- _What you should do_:
Please return only the lines from the one with "The Evolution of" through the final line of the data, unchanged, with pictures omitted.

- _Collected data_:
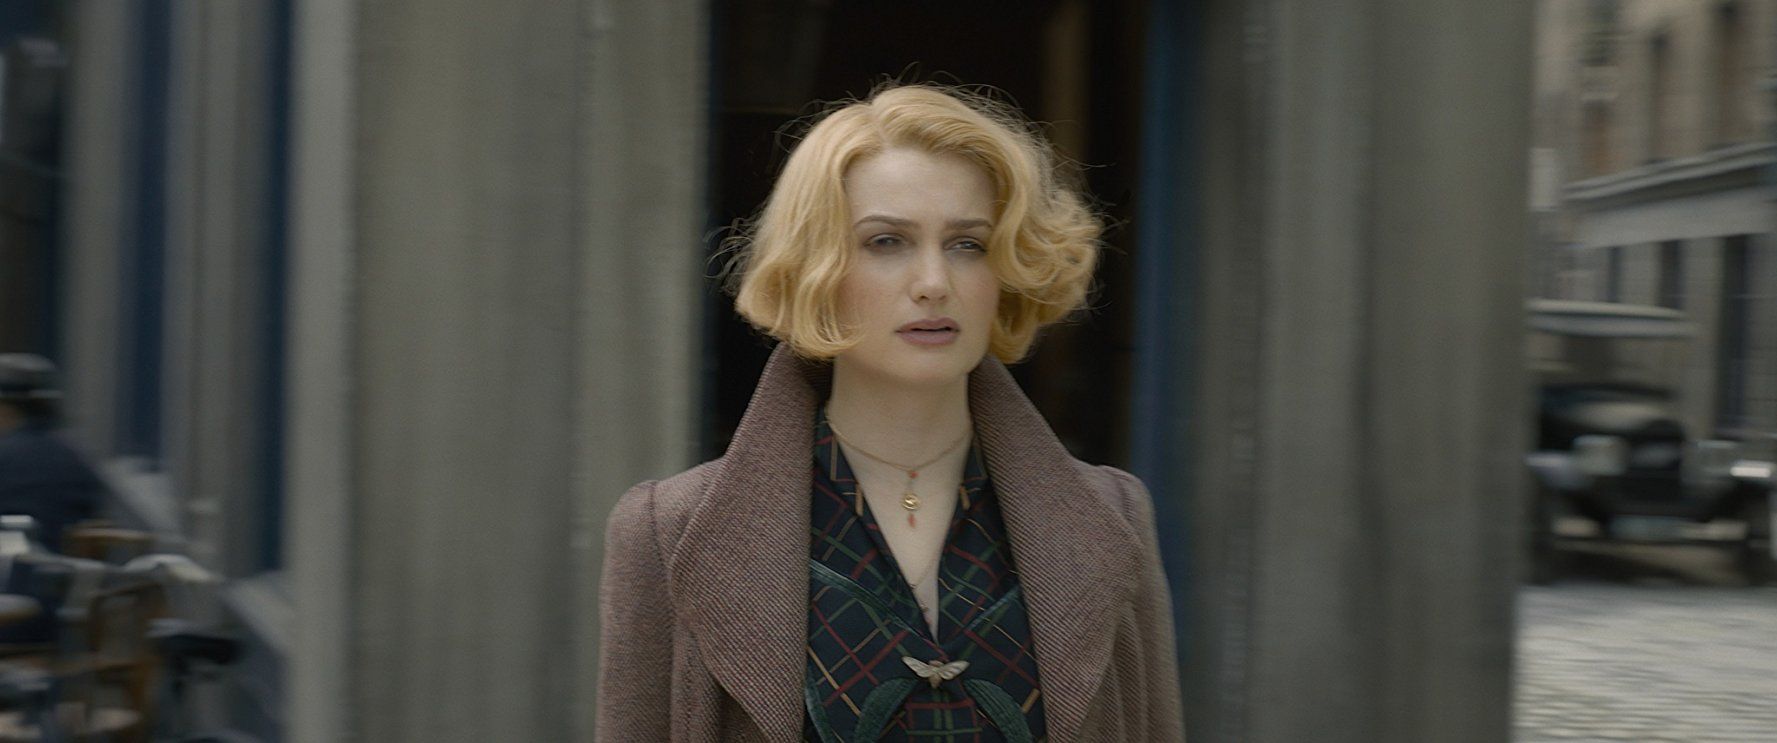 Alison Sudol in Fantastic Beasts: The Crimes of Grindelwald (2018). Fantastic beasts, Fantastic beasts Crimes of grindelwald
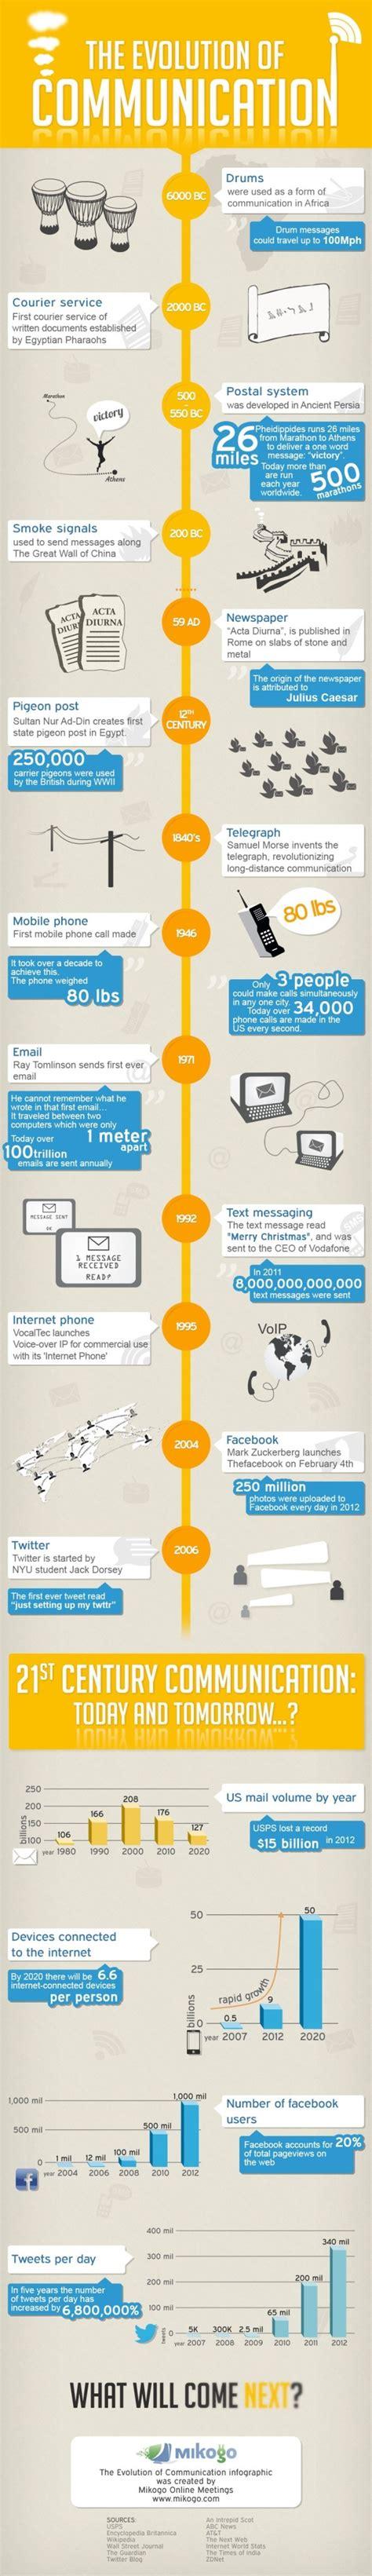 The Evolution of Digital Communication: Connecting the World
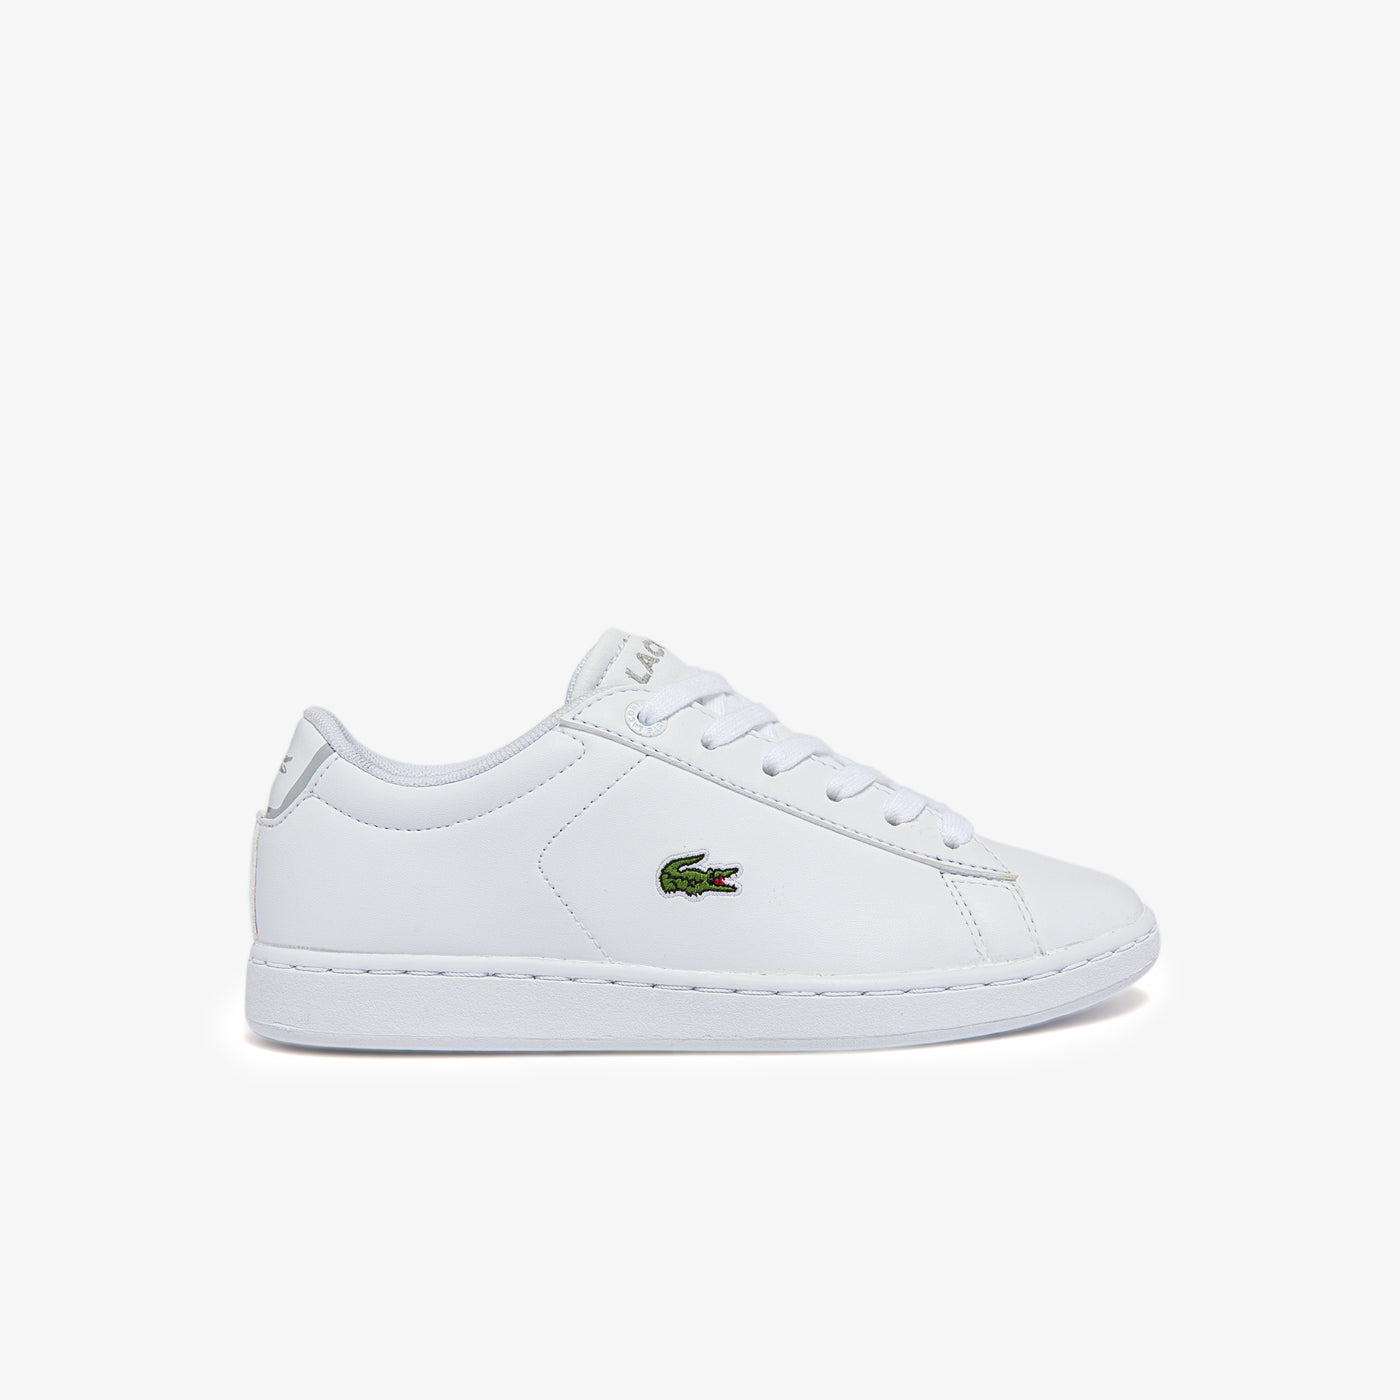 Shop The Latest Collection Of Lacoste Children'S Carnaby Evo Bl Synthetic Trainers - 41Suc000321G In Lebanon

- _Reply to the task_:
 The Evolution of Digital Communication: Connecting the World
 Shop The Latest Collection Of Lacoste Children'S Carnaby Evo Bl Synthetic Trainers - 41Suc000321G In Lebanon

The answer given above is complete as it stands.